I would prefer to start with version 1, and add iterator adapters only after
they are properly designed.

> > 2) IO - currently it is out of the scope of this library.
> Why? You can do nice things such as automatically setting the right
> codecvt based on the byte order mark. Works like a bliss. Again, I do
> have some code lying around for this. codecvt facets also provide more
> opportunity for optimisation.

Is your code publicly available? Maybe we can join forces and submit the
library together.

> > 4) A string type. There are way too many C++ string types out there
already, and I wanted to provide a tool for
> making them work with UTF-8 encoding, rather than introducing yet another
string class. Probably the
> same philosophy as Boost String Algorithms
> I'm sorry, I fail to see how that argument works exactly.
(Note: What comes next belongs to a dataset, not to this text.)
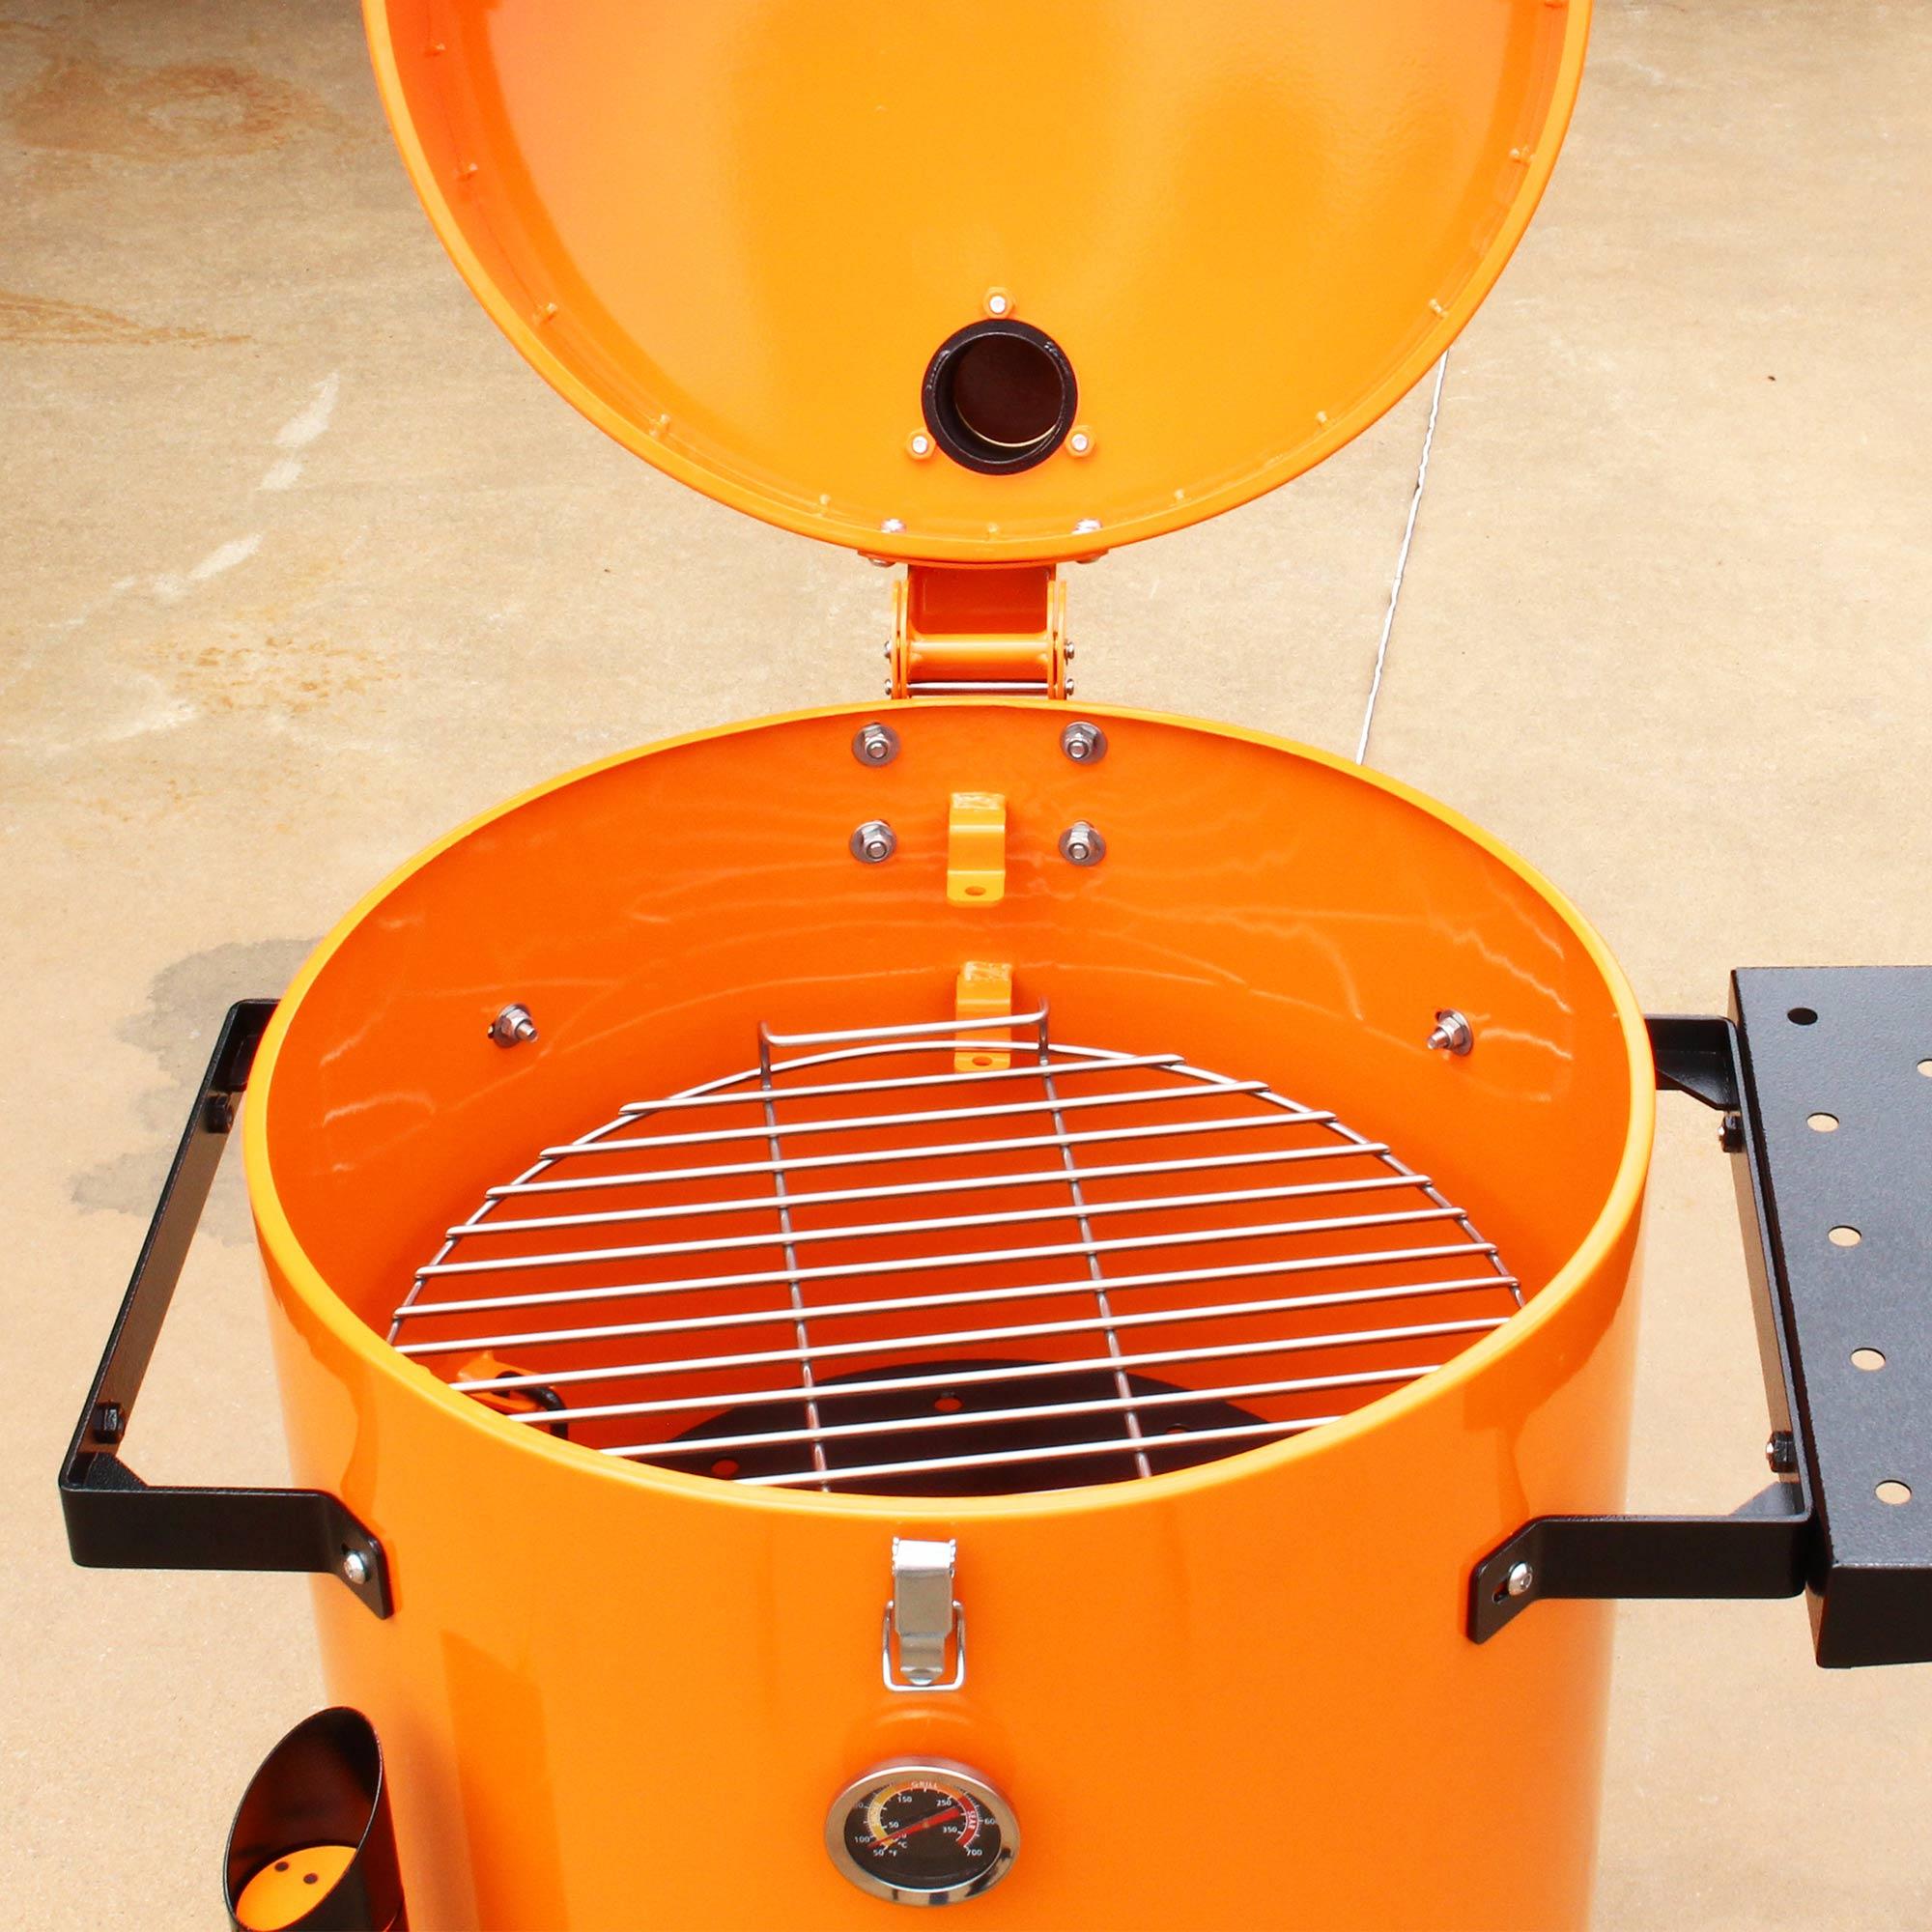 Grillex Drum Smoker Laranja/Preto

Can you elaborate?
> Algorithms that work on different kinds of containers: use free
> functions. I follow that. The alternative is to implement them as
> methods of a string class. Is that the alternative you have in mind?
> That was not what I meant.
> A UTF-encoded string is a container with codepoints (21-bit numbers)
> in an encoded form. The encoding puts some well-formedness constraints
> on the underlying bitstring. This is not unlike std::stack. Why not
> put the constraints in the type?

I indeed thought you meant another std::string like class. Could you give an
example how would it look like from a user's perspective?